<h1 align="center">Sentiment Analysis using LSTM</h1>

### Import

In [3]:
import torch
import torch.nn as nn
from torch.utils.data import Dataset, DataLoader
import pandas as pd
from sklearn.model_selection import train_test_split
from sklearn.preprocessing import LabelEncoder
from collections import Counter
import numpy as np
import re

### Load CSV

In [4]:
data=pd.read_csv(r"E:\Me\coding\IIT Guwahati Internship\Codes\archive\IMDB Dataset.csv")

In [5]:
df = pd.DataFrame(data) #converting to dataframe object

### Creating a simple tokeniser function

In [22]:
def simple_tokenize(text):
    return re.findall(r"\b\w+\b", text.lower())
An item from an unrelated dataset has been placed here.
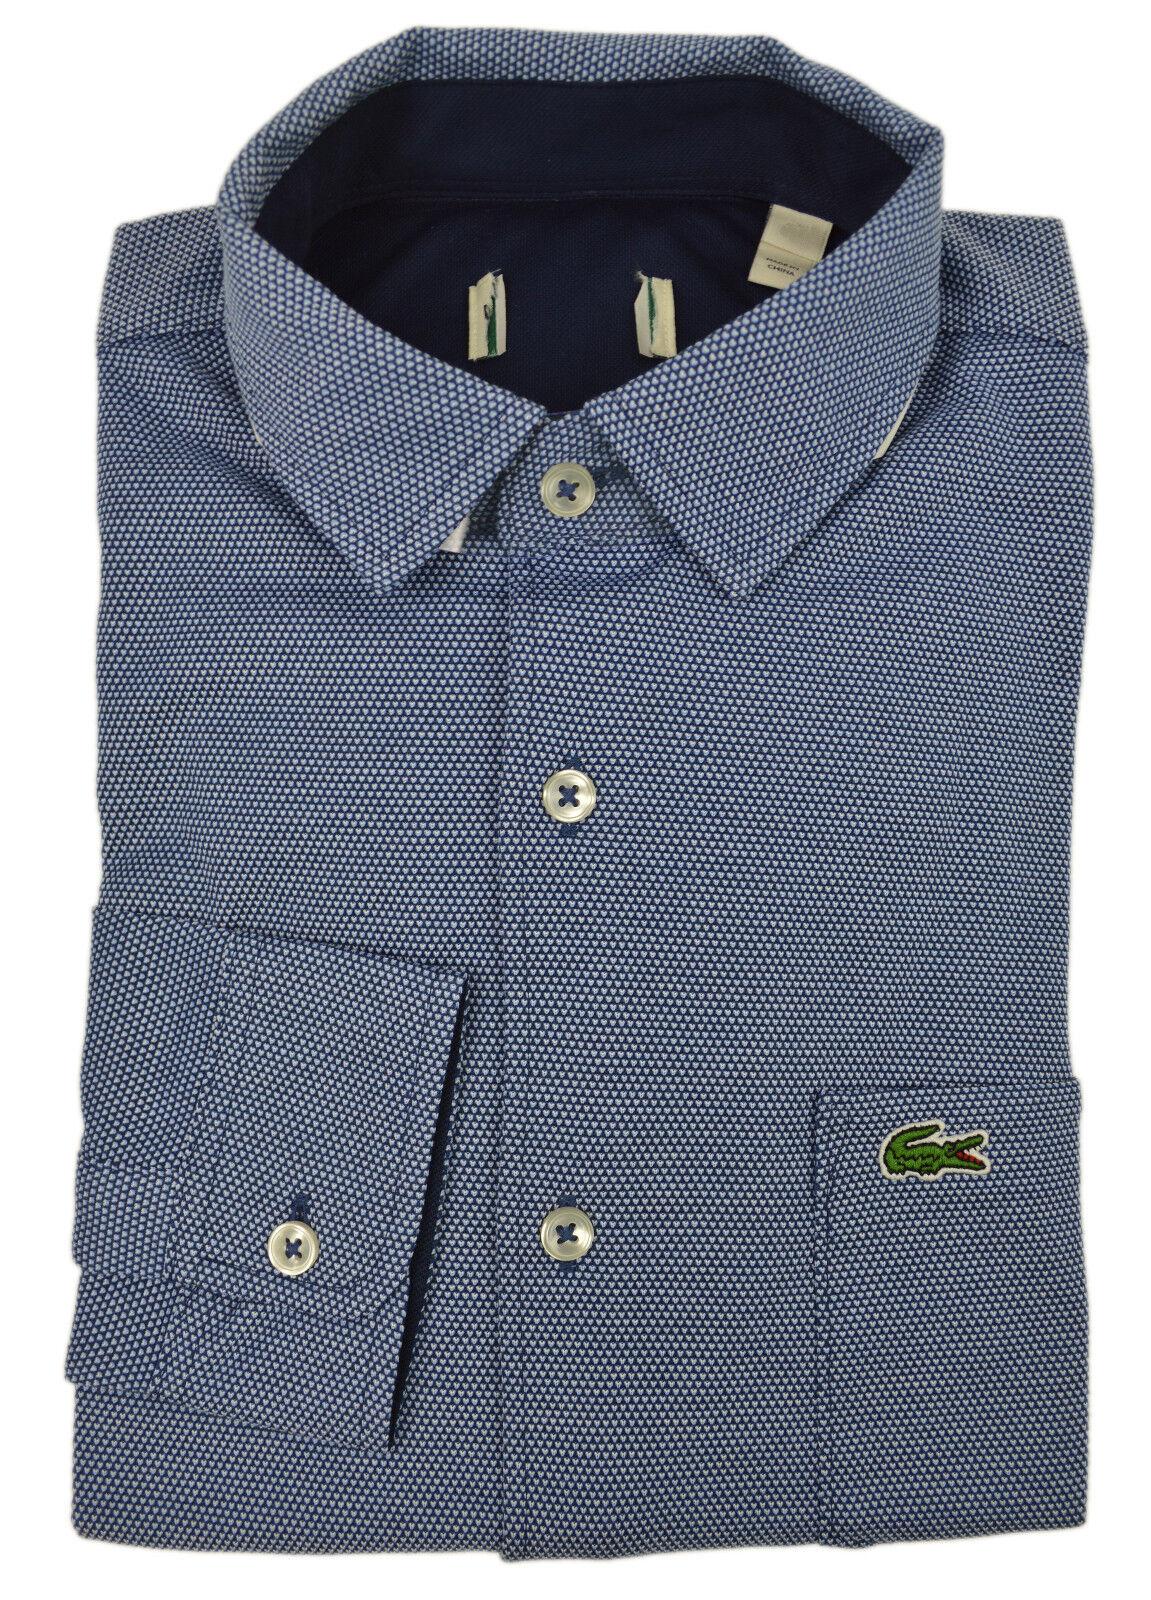 Lacoste NWD Mens Blue Textured Soft Knit Button Down Shirt Sz 40 Medium M

tokenized_texts = [simple_tokenize(text) for text in df['review']]
all_words = [word for sent in tokenized_texts for word in sent]
vocab = ['<PAD>', '<UNK>'] + [word for word, freq in Counter(all_words).items() if freq >= 1]
word2idx = {word: idx for idx, word in enumerate(vocab)}

def encode_text(tokens, max_len=20):
    ids = [word2idx.get(token, word2idx['<UNK>']) for token in tokens]
    ids = ids[:max_len] + [word2idx['<PAD>']] * (max_len - len(ids))
    return ids

df['encoded'] = tokenized_texts
df['encoded'] = df['encoded'].apply(lambda x: encode_text(x))

In [23]:
label_enc = LabelEncoder()
df['label_id'] = label_enc.fit_transform(df['sentiment'])

### Data Splitting

In [24]:
class TextDataset(Dataset):
    def __init__(self, X, y):
        self.X = torch.tensor(np.array(X), dtype=torch.long)
        self.y = torch.tensor(y, dtype=torch.long)
    
    def __len__(self):
        return len(self.X)
    
    def __getitem__(self, idx):
        return self.X[idx], self.y[idx]

X_train, X_test, y_train, y_test = train_test_split(df['encoded'], df['label_id'], test_size=0.2, random_state=42)
train_dataset = TextDataset(list(X_train), list(y_train))
test_dataset = TextDataset(list(X_test), list(y_test))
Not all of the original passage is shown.